ЖАНРЫ

Четвертый лист пергамента: Повести. Очерки. Рассказы. Размышления
Шрифт:

Боль находит поэта повсюду — в воспоминаниях о войне, в мысленных встречах с первой любовью, даже во время веселого застолья, даже в мечте о сыне; она находит его даже тогда, когда, казалось бы, для боли нет ни малейших оснований. Но она находит его, потому что в ней — опыт миллионов сердец, опыт, делающий сердце поэта настолько емким, что и боль становится чем-то большим, чем болью. Ожиданием чуда? Возможно… Да, ожиданием мира, в котором не будет разбитых судеб и разбитых сердец. И — пониманием, что жизнь истинного поэта похожа на минное поле, «куда лишь смелым доступ разрешен». Она похожа на минное поле в дни мира и в дни войны.
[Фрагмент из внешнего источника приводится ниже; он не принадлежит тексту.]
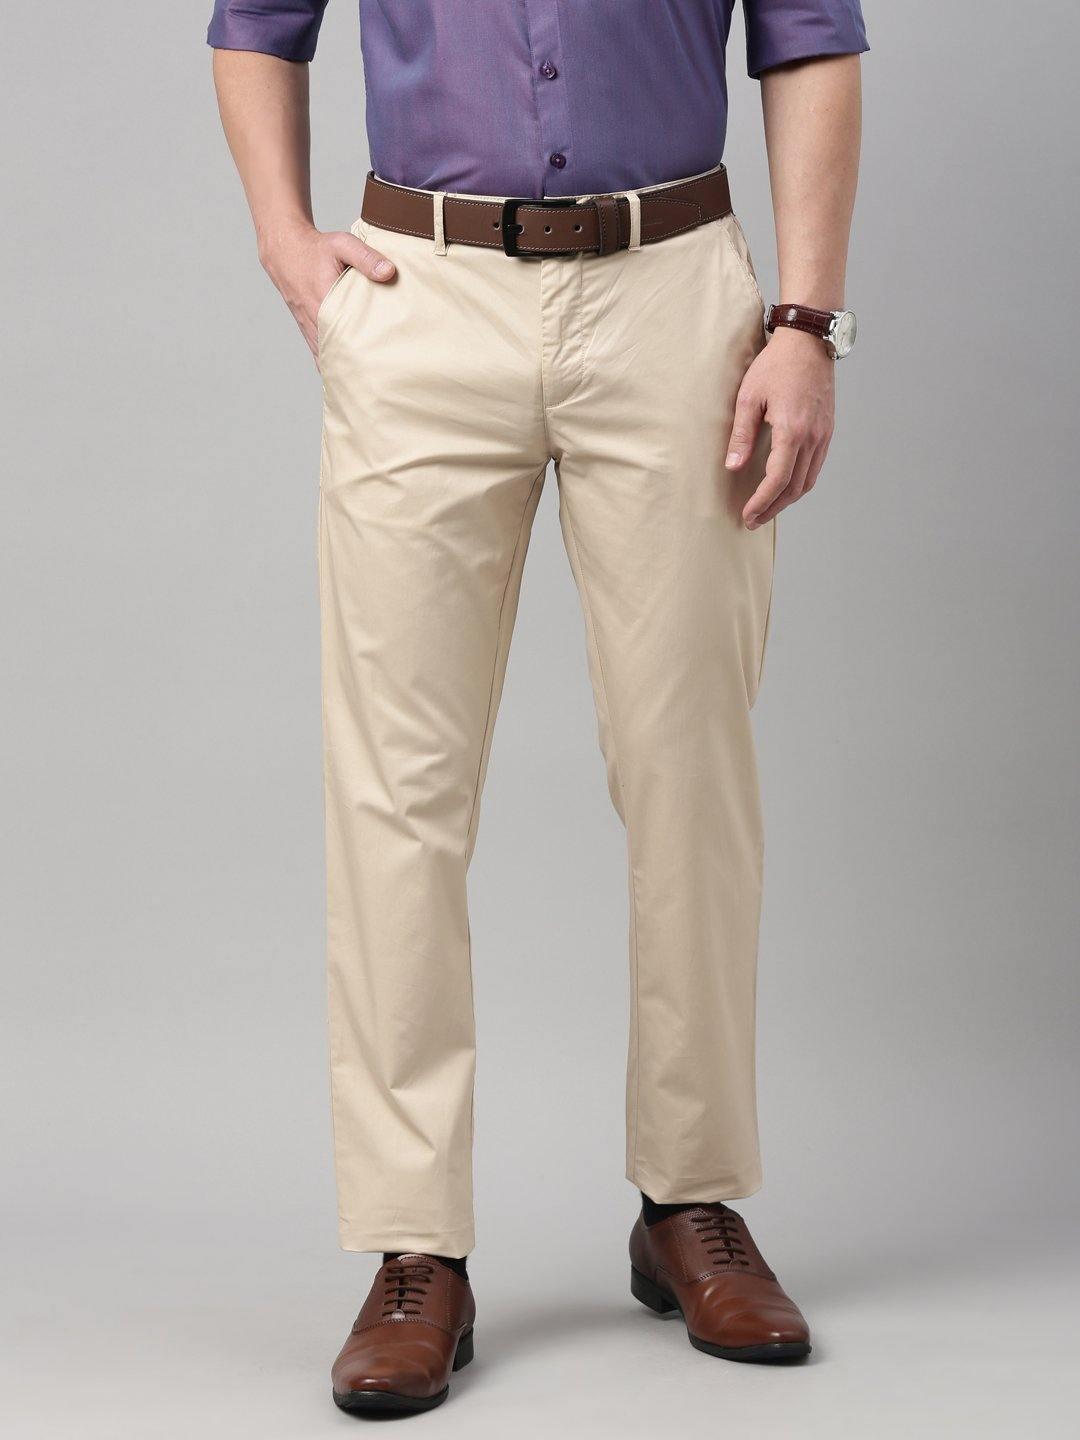 Details more than 136 cheap cotton trousers

В стихах А. Дементьева живет понимание, что борьба за человека, за его достоинство, за его душу идет беспрерывно, пусть в самых неприметных, будничных обстоятельствах, — углубляется осознание ценности человеческой души. «Душа постоянно в цене», — не устает повторять он на разные лады, вызывая у читателя чувство ответственности за «сохранность» и развитие того, что поэты называют душой, публицисты — миром человеческих чувств, а в народе издревле называли сердцем.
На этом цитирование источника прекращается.